How the stability of the West Antarctic Ice Sheet has changed over the last 1.4 million years

Introduction

The West Antarctic Ice Sheet (WAIS) is part of the continental ice sheet which covers West Antarctic, the portion of Antarctica on the side of the Transantarctic Mountains which resides in the western hemisphere. The WAIS is residing on an archipelago with the center of the dome set over sub glacial uplands and bedrock basins, with the bedrock basins being more than 1,500 m below sea level. The WAIS contains 3.8 million km3 of ice, if this were ever to collapse and fall into the ocean, at the present rate of accumulation, it would take over ten thousand years for the ice to be restored. For around four decades there have been fears that there could be marine instability, fears caused by the retreat of the ice margin into basins which would lead to massive ice-mass loss and increased ice-calving, which would then result in the loss of the WAIS, resulting in a rapid-rise in sea level of 3-5 m.

A study recently published on the stability of the WAIS divide over the last 1.4 million years gives reason to believe that the divide of the WAIS has fluctuated only modestly in location and thickness for that amount of time.

Location, current status and studies

The Heritage Range which lies in the center of the Weddell Sea embayment is within 50 km of the floating Filchner-Ronne Ice Shelf and the grounded ice sheet in the Hercules Inlet. Two massifs are summits which cover 15 km of upland bounded by troughs excavated to below sea level. Ice from the central WAIS flows between and around the two mountains at the grounding line. The WAIS divide forms a large saddle (highest point between two massifs) between the main dome 300 km to the west, and to another 200 km northwest. Katabatic winds flow down the ice slope from the divide towards Hercules Inlet crossing the mountains and creating blue-ice areas. The winds cause the surface ice to melt which then causes an upward flow of ice which brings basal debris to the surface as blue-ice moraines. This ice-marginal, basally derived material is deposited higher on the mountain flanks and records past changes in ice thickness.

By using cosmogenic nuclide dating on the bedrock and nunataks (exposed, rocky ridges) data had been provided of the thickness of ice over time. A plethora of data was provided revealing data from ages of up to 400 ka. This lead the researchers to the hypothesis that the spread in ages represented the continuous presence of an ice sheet that fluctuated in thickness in response to glacial to interglacial cycles.
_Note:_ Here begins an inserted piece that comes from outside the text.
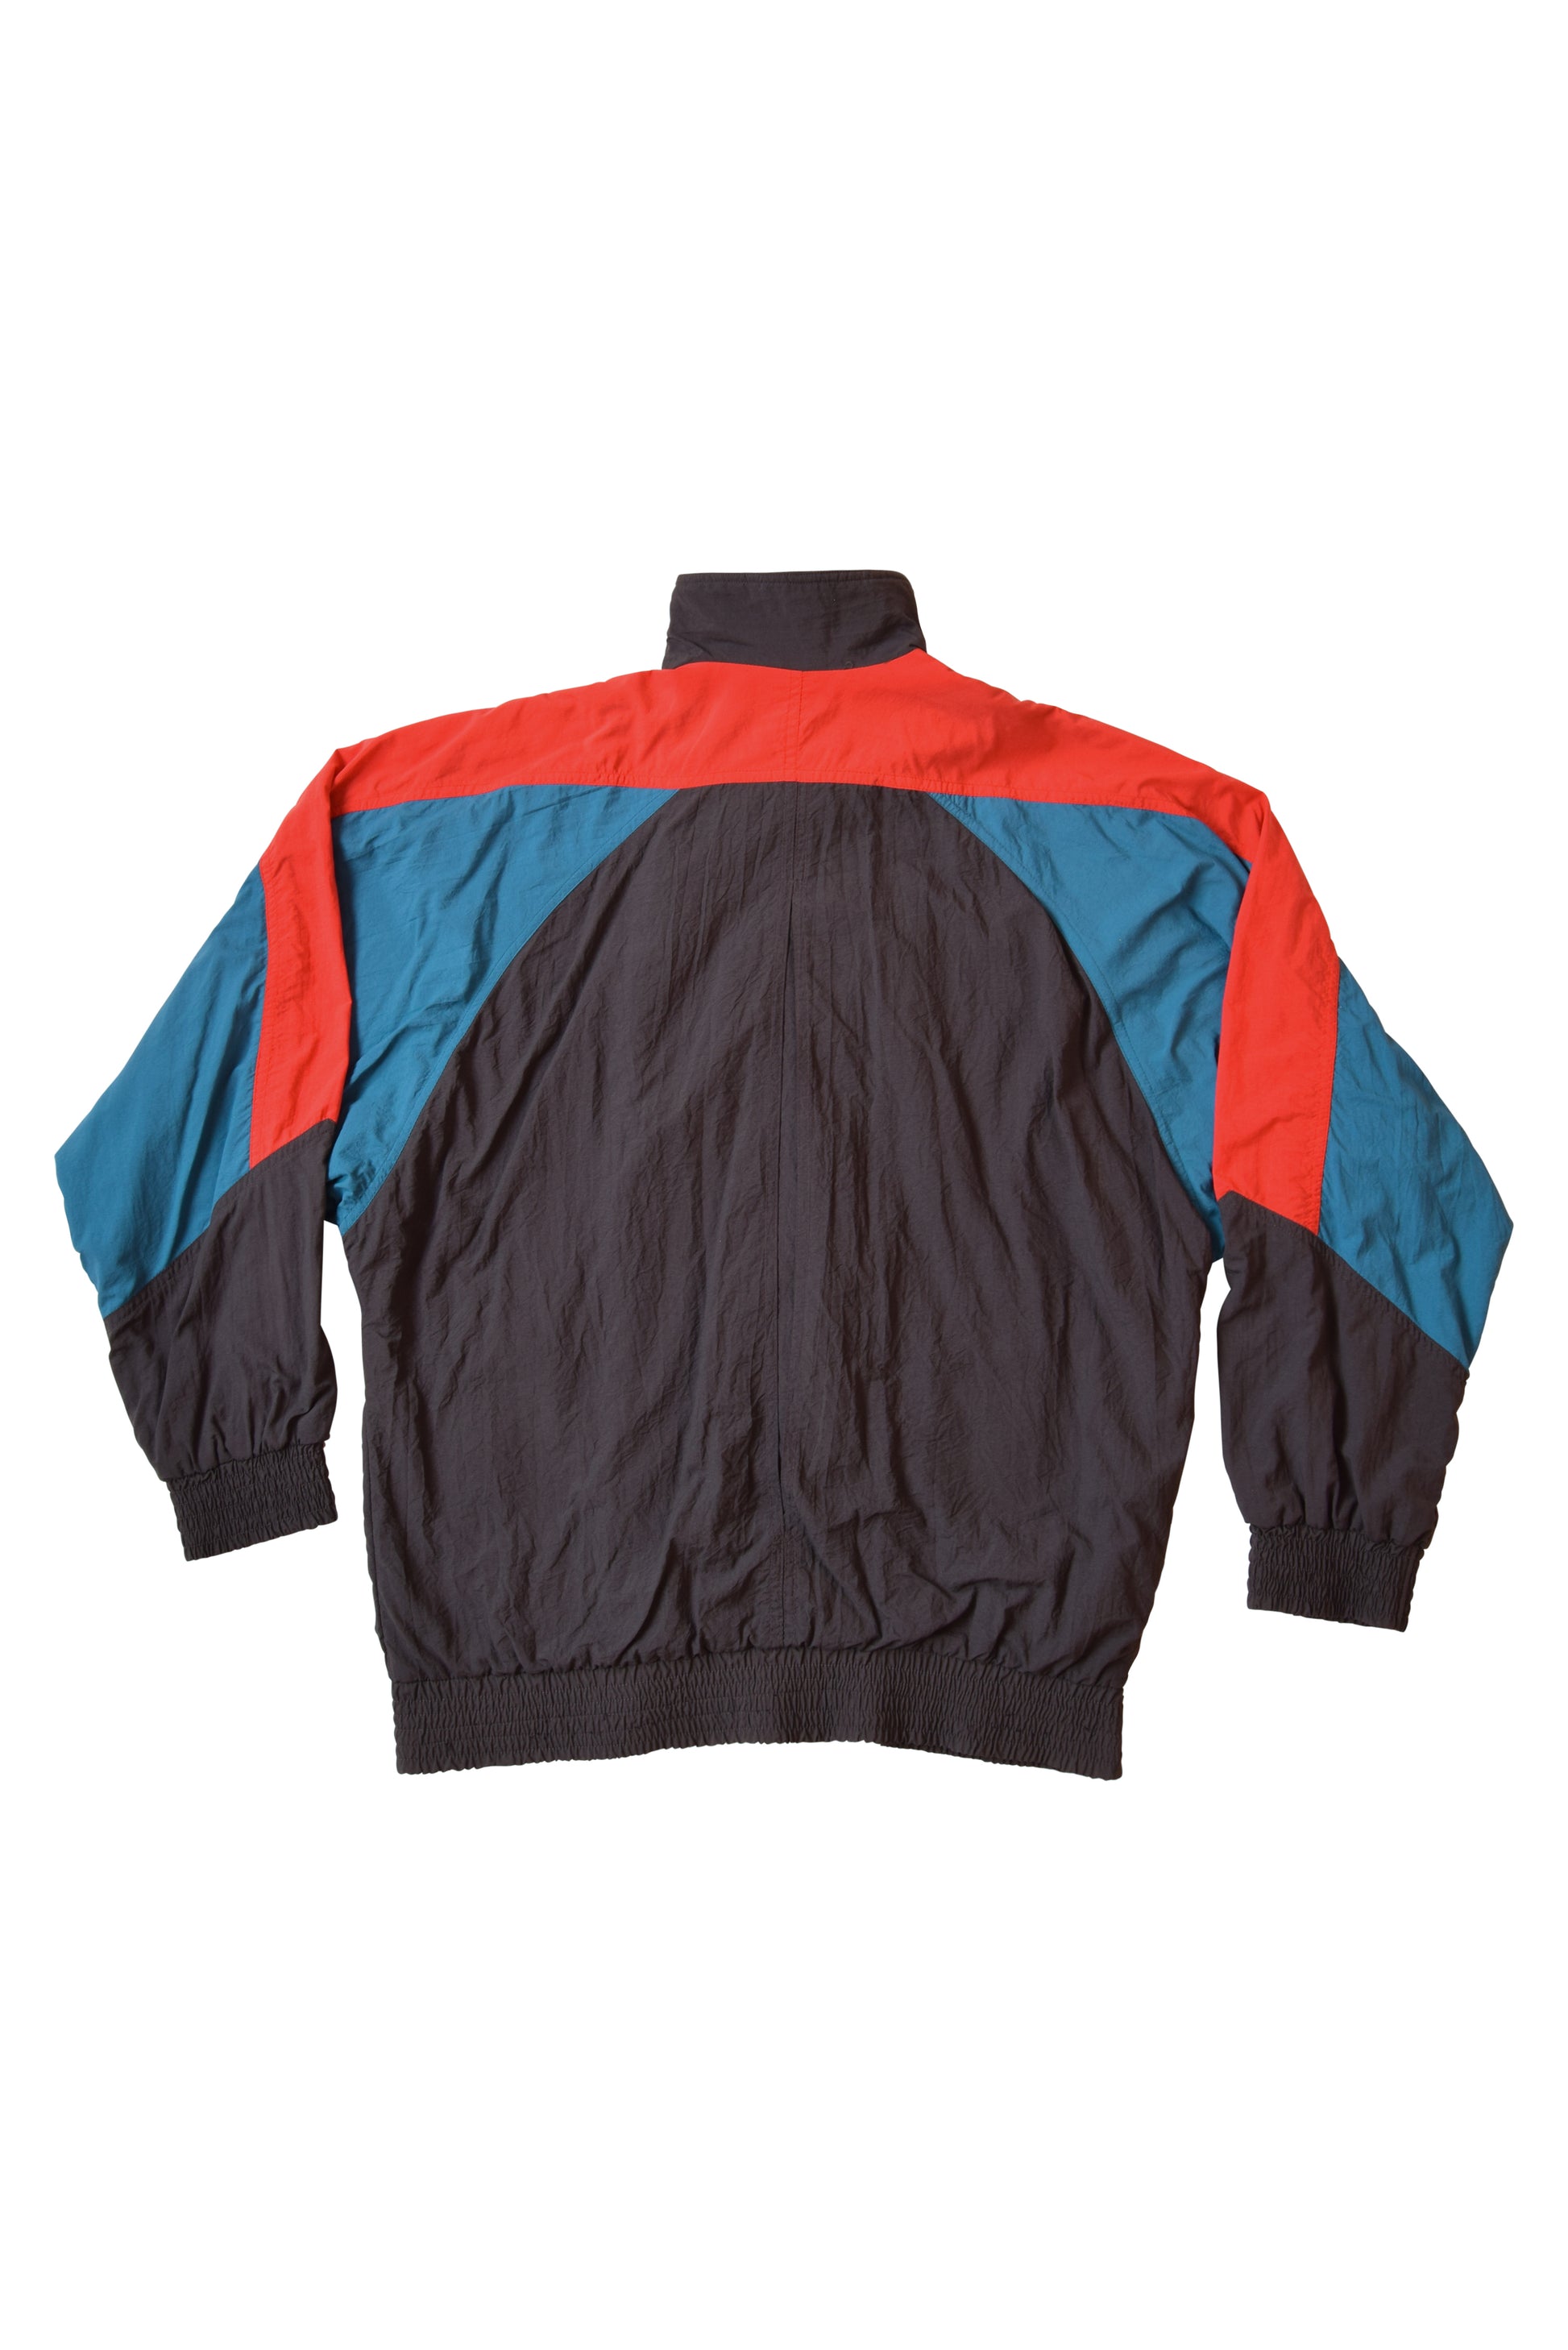 Vintage Adidas 90's Jacket
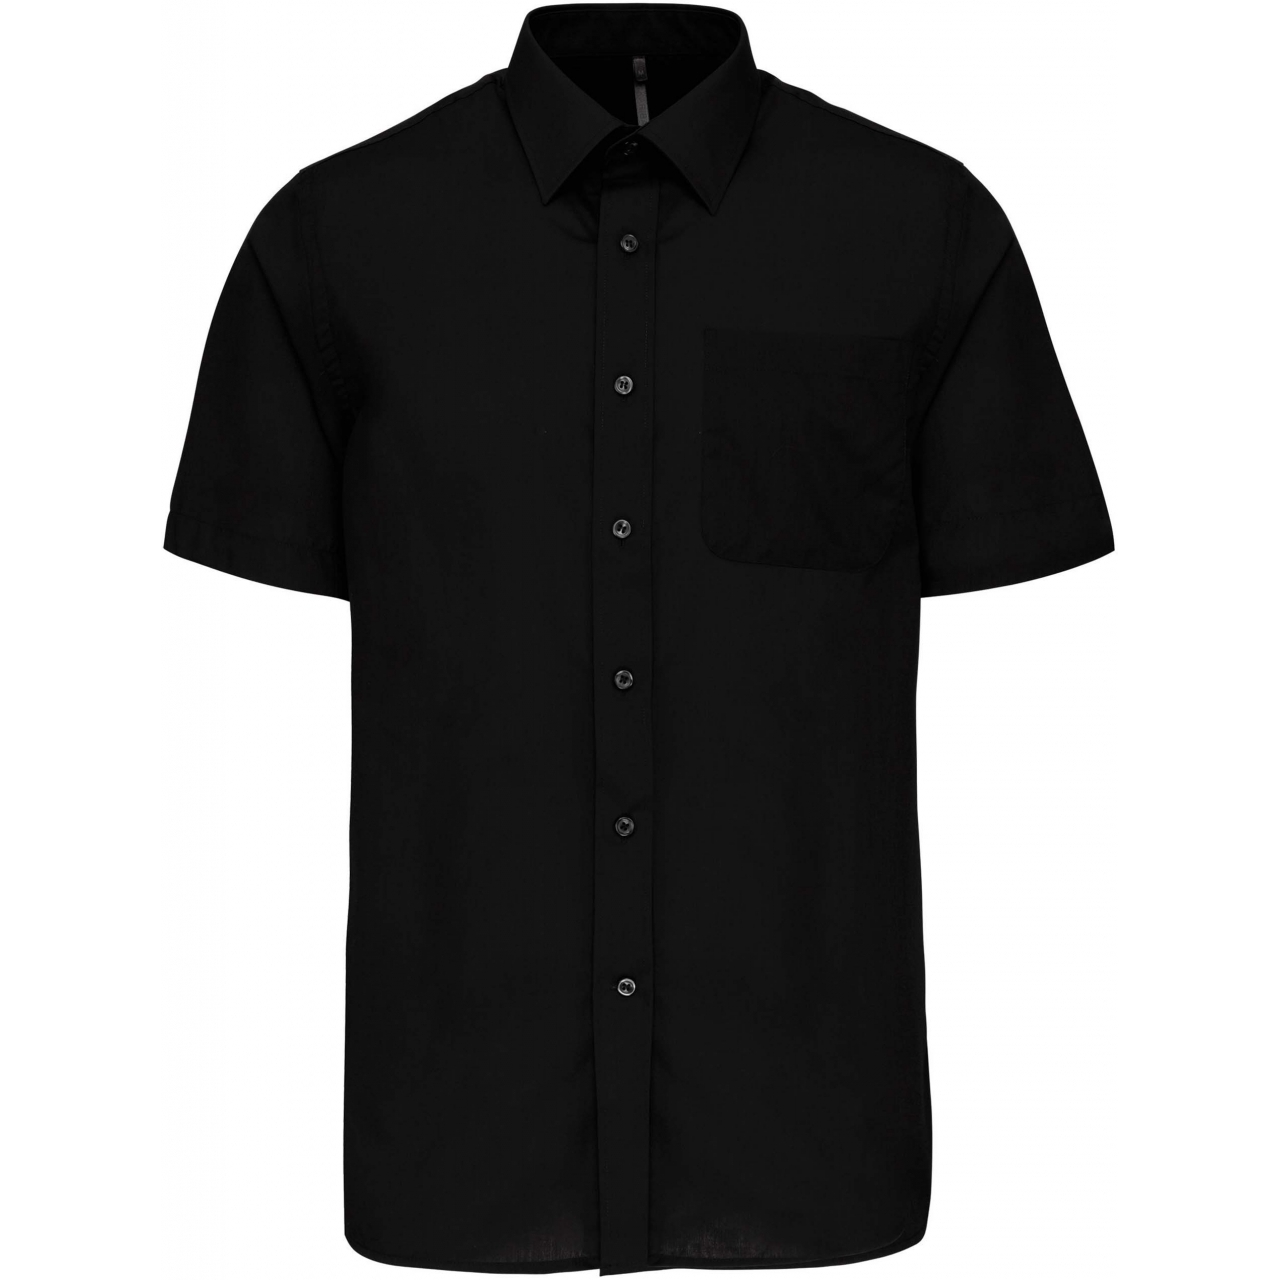 Pánská košile s krátkým rukávem Kariban ACE - černá, S

The range of ages gives rise to preservation of some erratics (rocks alien to the locale) and deposition of other ice sheets during successive glaciations.

topography of antarctica
Subglacial topography of Antarctica showing the location of the WAIS in the Ellsworth mountains and geographical features within the Weddell sea.
What is gained from this study in particular

This helps in determining the stability of the WAIS as a combination of cosmogenic nuclide dating and geomorphological analysis of landforms can provide insight into the history of the ice-sheet. The advantage of using multiple nuclides in sampling is that the age and exposure can be found. Hein, A. S.  et al explains this;
For example, if a previously exposed clast is buried by ice long enough for the shorter lived of two nuclides to decay preferentially, the signal will be observed in the isotopic ratio. In the case of cosmogenic 26Al/10Be, it takes several tens of thousands of years for the burial signal to become evident. By measuring multiple isotopes in three adjacent erratics at each specific sampling site, the degree of scatter and extent to which the erratics have shared the same history of exposure can be determined. Thus, one can gain information on the age of deposition and possible subsequent overriding and disturbance by ice.”

The data from the study shows that the highest erratics are exposed for the longest time, and lower erratics are exposed for increasingly shorter times, this gives evidence of increased burial with decrease altitude. The implications of exposure ages of up to 1.4Ma at high elevations is that ice thickening and blue-ice moraine formation also occurred during earlier glacial cycles in the Pleistocene epoch. Due to mountains being seated near the grounding line of today, an increase in ice thickness near the mountains would agree with any seaward migration of the grounding line as ocean temperature cooled and global sea level fell. Over exposed periods of time you would expect glacial erosion to decrease ice-sheet surface in accordance with the mountains, triggering a cycle in changes of ice thickness superimposing a trajectory of lowering relative to the mountains. This is consistent with history.

It was argued that there were exposure periods of where the WAIS divide had adequate intervals of time to disappear, if it was to disappear then ice caps and glaciers would likely have built upon mountain massifs in a fjord landscape, however there is was evidence supporting this, instead pointed towards the continuous presence of an ice sheet in the southern sector of WAIS for the entire duration of 1.4Ma, this ice sheet adjusted to accommodate to the loss of marine-based portions of the WAIS during the interglacial periods, the intervals where the divide could have disappeared. This ice sheet has continued to stabilise the WAIS divide for over 1.4Ma and can be predicted to do so in the future as it gives no indication of loss in stability.